Bayrak, dişleri fırçalamanın yeterli olmadığını dile getirerek, "Dili ve yanakları temizlemek, ayrıca diş ipiyle dişlerin arasını temizlemek önem arz ediyor. Buna yardımcı olarak ağız gargaraları, tuzlu su faydalı olabilir." dedi.
Ramazanda sahurda ve iftarda su tüketiminin önemine değinen Bayrak, "Ağız sağlığı için bol su tüketmek faydalı olacaktır. Böylelikle hem ağız kuruluğu önlenecek, ağız kokusu azalacak hem de genel sağlık için olumlu olacaktır. Özellikle aşırı tuzlu ve baharatlı gıdalardan kaçınmak da faydalı olacaktır." ifadelerini kullandı.
Bayrak, ağız kokusunun çok rahatsız etmesi durumunda ise sahur ve iftardan sonra dış fırçalamanın yanı sıra sabah da diş fırçasıyla yutmamak koşuluyla suyla temizlenebileceğini anlattı.
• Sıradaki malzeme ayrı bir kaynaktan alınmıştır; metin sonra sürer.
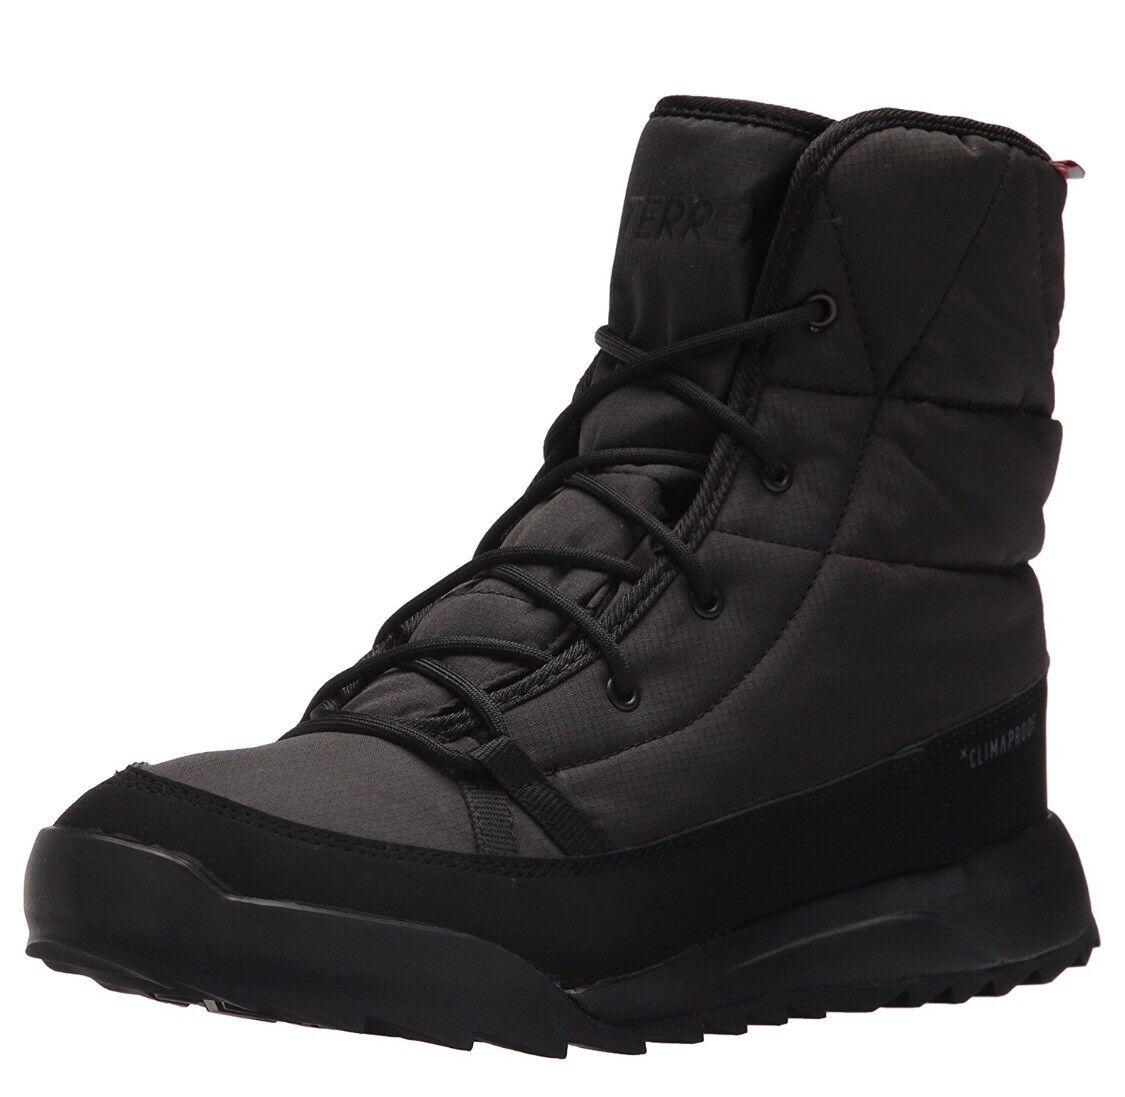 New Adidas Women's Terrex Choleah Padded Boot Walking Shoe Size 7

Ramazanda diş sağlığı için tüketilmemesi gereken gıdalardan da bahseden Bayrak, "Hem diş hem de genel sağlık için şekerli gıdalardan kaçınmalıyız. Ramazanda iftar sonrasında tatlı yenir ama bu şekerli gıda tüketimini mümkünse askeri düzeyde tutmak, daha ziyade meyve ve sebze, lifli gıdalar tüketmek hem genel hem de ağız ve diş sağlığı için olumlu olacaktır." şeklinde konuştu.
İftarda ana yemek için fırınlama, buğulama veya haşlama teknikleri önerisi
Karabük Üniversitesi (KBÜ) Sağlık Bilimleri Fakültesi Beslenme ve Diyetetik Bölümü Araştırma Görevlisi Emel Aktaş, ramazanı rahat geçirmek için iftar ve sahuru planlarken sağlıklı beslenme kurallarına dikkat etmenin önemine değindi.
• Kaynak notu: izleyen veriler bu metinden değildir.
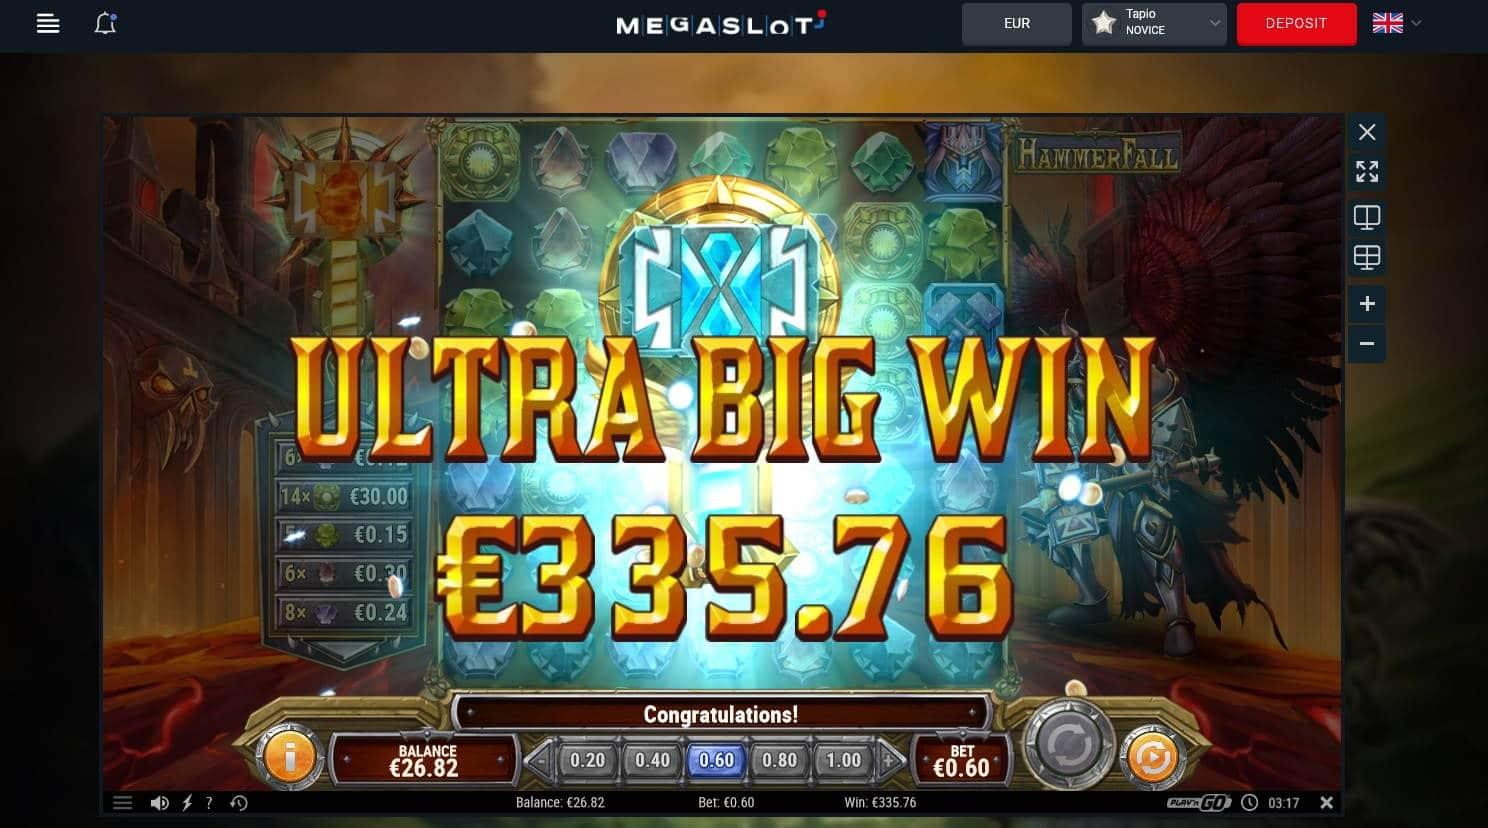 Hammerfall Casino win picture by Mrmork666 31.5.2021 335.76e 560X

Aktaş, bu iki ana öğün kısa aralıklarla yapıldığından sindirim sistemine binecek yükü azaltmak için beslenme planı ve besin seçiminin çok önemli olduğunu vurgulayarak, "Sahurda dikkat edilmesi gereken iki temel nokta var; tokluk hissini artırmak ve gece uykusuna devam etmeyi zorlaştırmamak. Bunun için de sahurda hafif kahvaltı veya az yağlı, az tuzlu çorba tüketimini öneriyoruz." diye konuştu.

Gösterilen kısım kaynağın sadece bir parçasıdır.